Discontinuity in the responses of ecosystem processes and multifunctionality to altered soil community composition

Abstract

Ecosystem management policies increasingly emphasize provision of multiple, as opposed to single, ecosystem services. Management for such "multifunctionality" has stimulated research into the role that biodiversity plays in providing desired rates of multiple ecosystem processes. Positive effects of biodiversity on indices of multifunctionality are consistently found, primarily because species that are redundant for one ecosystem process under a given set of environmental conditions play a distinct role under different conditions or in the provision of another ecosystem process. Here we show that the positive effects of diversity (specifically community composition) on multifunctionality indices can also arise from a statistical fallacy analogous to Simpson's paradox (where aggregating data obscures causal relationships). We manipulated soil faunal community composition in combination with nitrogen fertilization of model grassland ecosystems and repeatedly measured five ecosystem processes related to plant productivity, carbon storage, and nutrient turnover. We calculated three common multifunctionality indices based on these processes and found that the functional complexity of the soil communities had a consistent positive effect on the indices. However, only two of the five ecosystem processes also responded positively to increasing complexity, whereas the other three responded neutrally or negatively. Furthermore, none of the individual processes responded to both the complexity and the nitrogen manipulations in a manner consistent with the indices. Our data show that multifunctionality indices can obscure relationships that exist between communities and key ecosystem processes, leading us to question their use in advancing theoretical understanding--and in management decisions--about how biodiversity is related to the provision of multiple ecosystem services.

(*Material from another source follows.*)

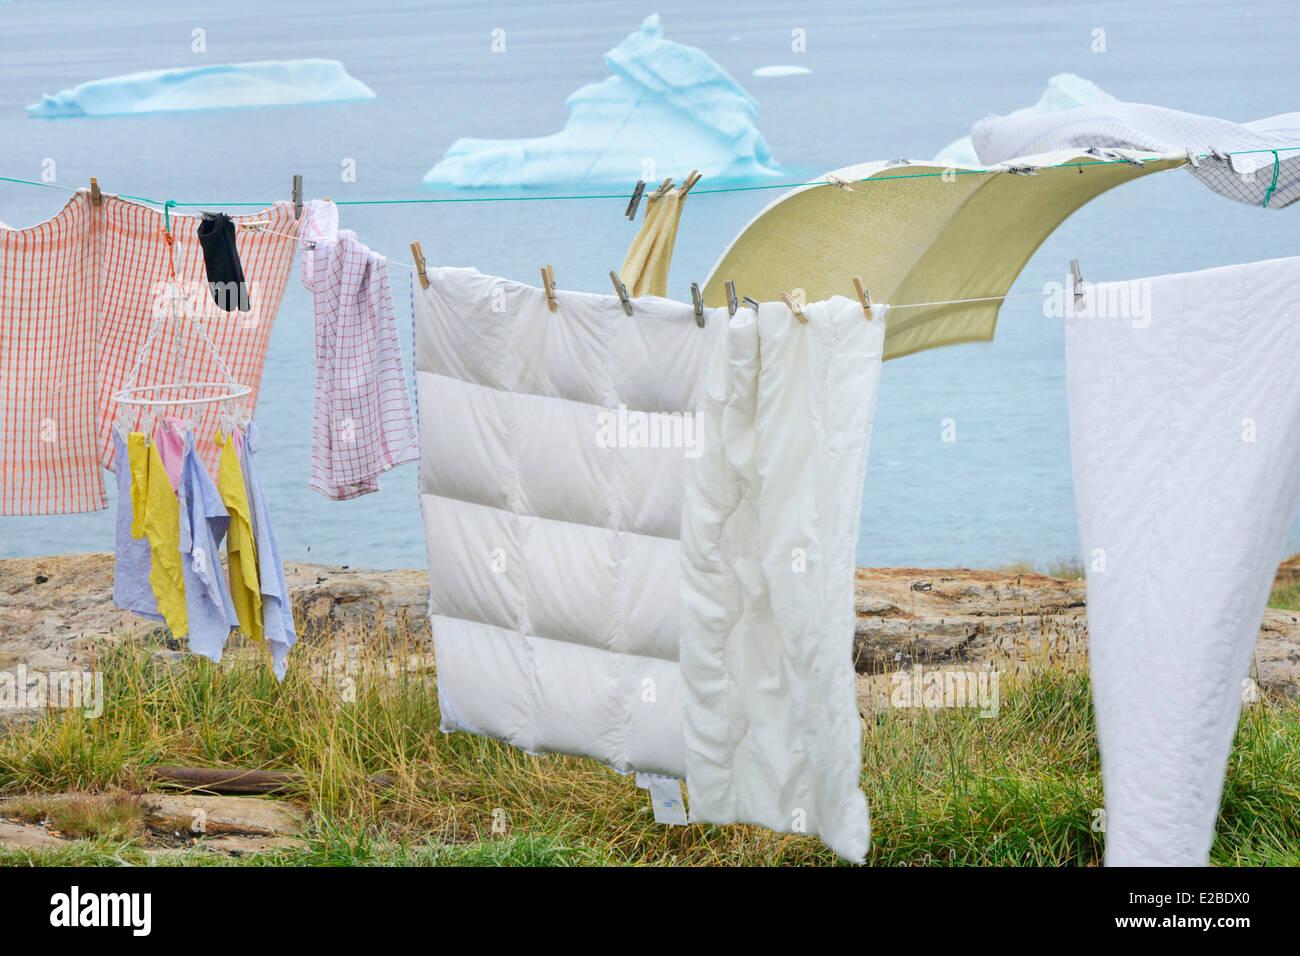 Greenland, Baffin Bay, Nutaarmiut, Drying laundry - Stock Image

Keywords: aboveground–belowground interactions; ecosystem functioning; plant-soil feedbacks; soil biodiversity; soil fauna.

Fig. 1.

Loss of soil community functional complexity decreases multifunctionality when measured as (A) average multifunctionality or (B) the number of functions exceeding threshold levels of maximum process rates. Data points in A are jittered to visualize vertical spread, and represent average multifunctionality of each replicate at each of the four time points at which measures were taken. The horizontal line shows the median, the box the 25th and 75th percentiles of the data, and the extent of the whiskers 1.5 times the interquartile range. (B) Lines represent the slope between soil fauna loss and the number of functions greater than or equal to a threshold value. Separate statistical models were fit at each threshold ranging from 5 to 99% of maximum functioning, with blue lines indicating high percentages of maximum functioning and red lines indicating low percentages of maximum functioning. The curve in C indicates the change in the slope of the relationship described in B across all thresholds with the gray area showing SE. When the error does not cross the zero line (starting at 72%), the loss of soil community functional complexity is associated with a statistically significant decrease in ecosystem multifunctionality.

Fig. 2.

Loss of soil community functional complexity and nitrogen fertilization effects on the rates of five biogeochemical processes, compared with the response of average multifunctionality (Multifunc). The biogeochemical processes are net primary productivity (NPP); net ecosystem productivity (NEP); decomposition of a standard litter (S-litter); decomposition of litter returned within each replicate community (R-litter); and total community respiration (Respn). Each symbol represents the mean response to the complexity by fertilization treatments, and lines connect low- and high-complexity plots within control or nitrogen-fertilized subplots to facilitate the visualization of community effects. Values are standardized using a z-score transformation to permit comparison with the response of average multifunctionality and between processes with different units and absolute magnitudes. The statistical significance and coefficients of the complexity by fertilization treatments are given in Table 1 and the full process data in Fig. S1. Only standard litter decomposition responds in a qualitative manner (i.e., there is a positive complexity effect and no nitrogen or interaction effect) that is consistent with multifunctionality, but the absolute magnitude of the decomposition response to the community manipulation is much greater than for multifunctionality. The discontinuity between the individual process and multifunctionality responses raises questions about the practical and mechanistic interpretation of multifunctionality indices.